Sunday, May 30, 2010

Too obvious a solution

Last week I decided to give my ageing desktop computer a much needed overhaul: the ancient 2.66 GHz Intel Pentium 4 processor powering the machine had become obsolete long ago. Since the new Intel processors of Core ix family need motherboards of newer chipsets and since those motherboards support only DDR3 memory, I had to buy all those components, too. After a little bit of research, I chose:

To house all these fancy stuff, I went for a rather nice-looking CoolerMaster cabinet as well:


Assembling the components was a no-brainer, thanks to the tool-less design of the cabinet. So far, so good.

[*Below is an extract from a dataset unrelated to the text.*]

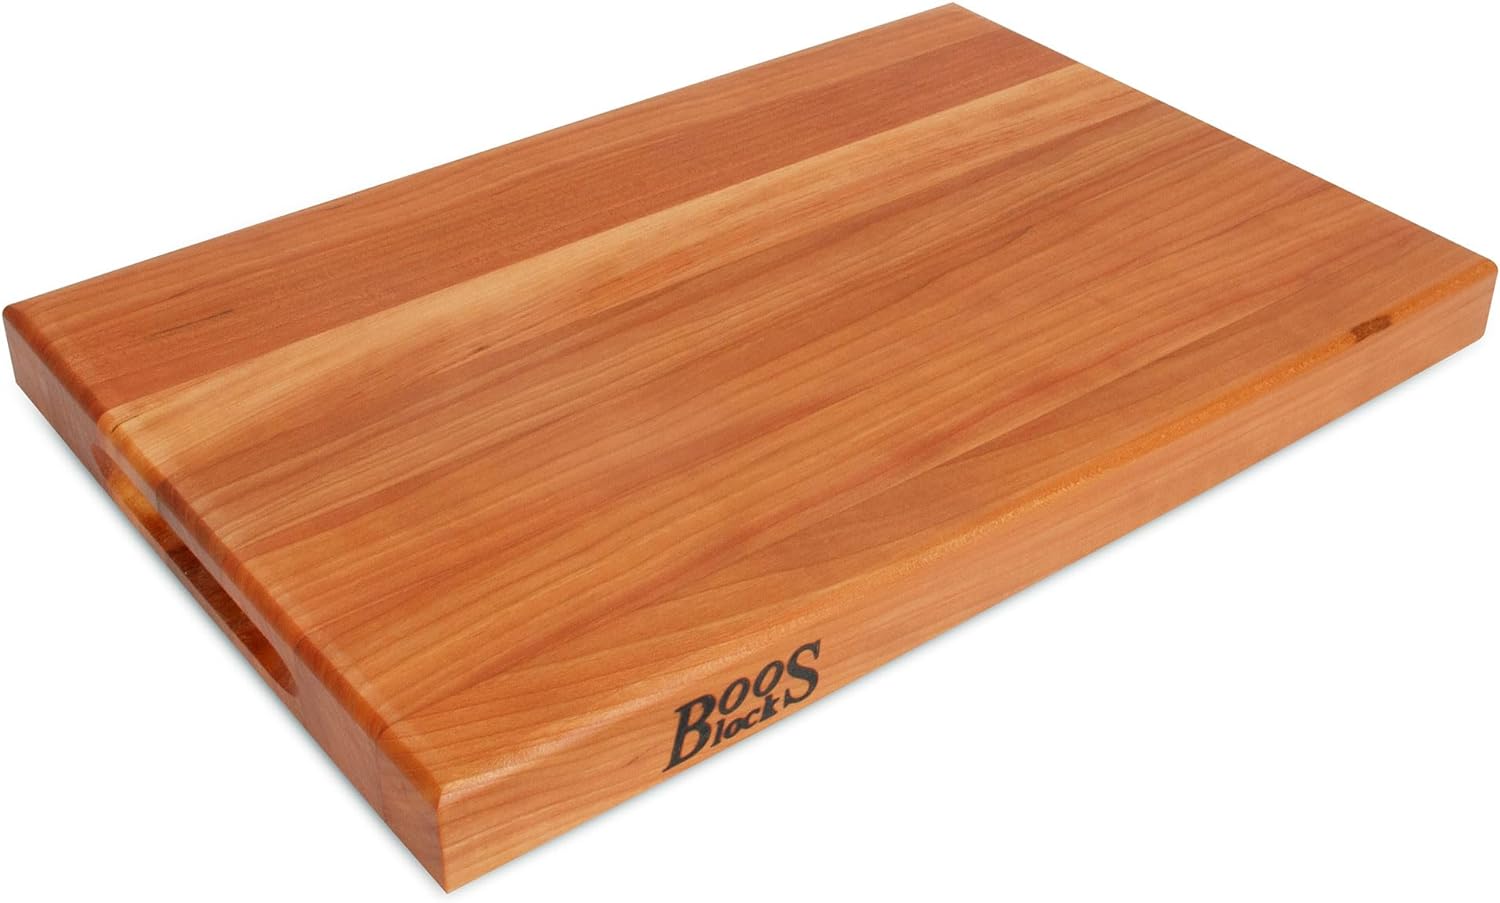 John Boos Cherry Wood Cutting Board for Kitchen Prep

But the problem was, as usual, with the Windows 7 OS. Although it was already installed on the hard disk, it refused too start. Although Ubuntu was running without any such fuss, I was really in the mood for playing GTA IV. I bought that game almost two years ago but couldn't play simply because my computer lacked the required processing power. Now with the quad-code cpu, it was not a problem any more. But it appeared that Windows needed to be reinstalled.

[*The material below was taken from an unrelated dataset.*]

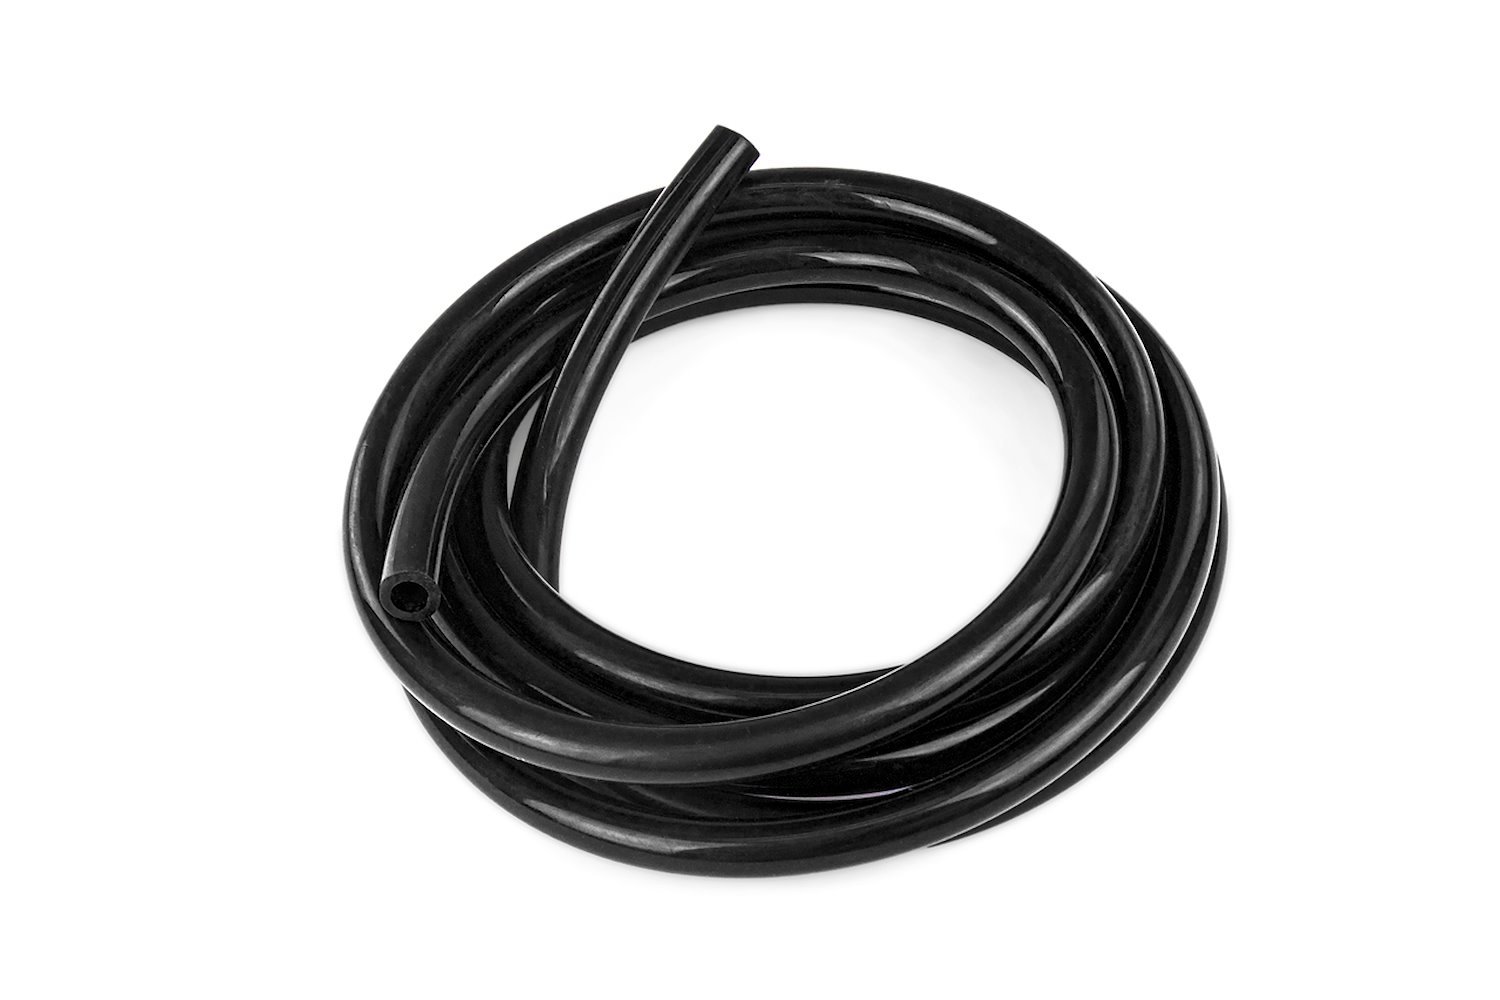 HTSVH5-BLKx25 High-Temperature Silicone Vacuum Hose Tubing, 13/64 in. ID, 25 ft. Roll, Black

Now, installing windows by booting from a DVD-ROM drive was not an option. What I needed was a bootable Windows 7 installer USB disk. A little bit of googling revealed that it is quite easy to create such a disk from a Windows 7 DVD : all one needs to do
is create an NTFS partition, copy the comtents of the DVD to the partition and (here's the catch) make the partition bootable using the diskpart software bundled with windows. The problem was that I didn't have any working Windows installation on any computer. On my laptop, Ubuntu was the only OS installed.


I hoped that unetbootin might help, but it appeared that it can only create bootable disks of linux and BSD distros, although the software itself is available for Windows also. Finding no other solution on the web, I did the first thing that came to my mind: I just enabled the boot flag on the partition containing the win 7 installation files using Gparted. And Voila, it worked!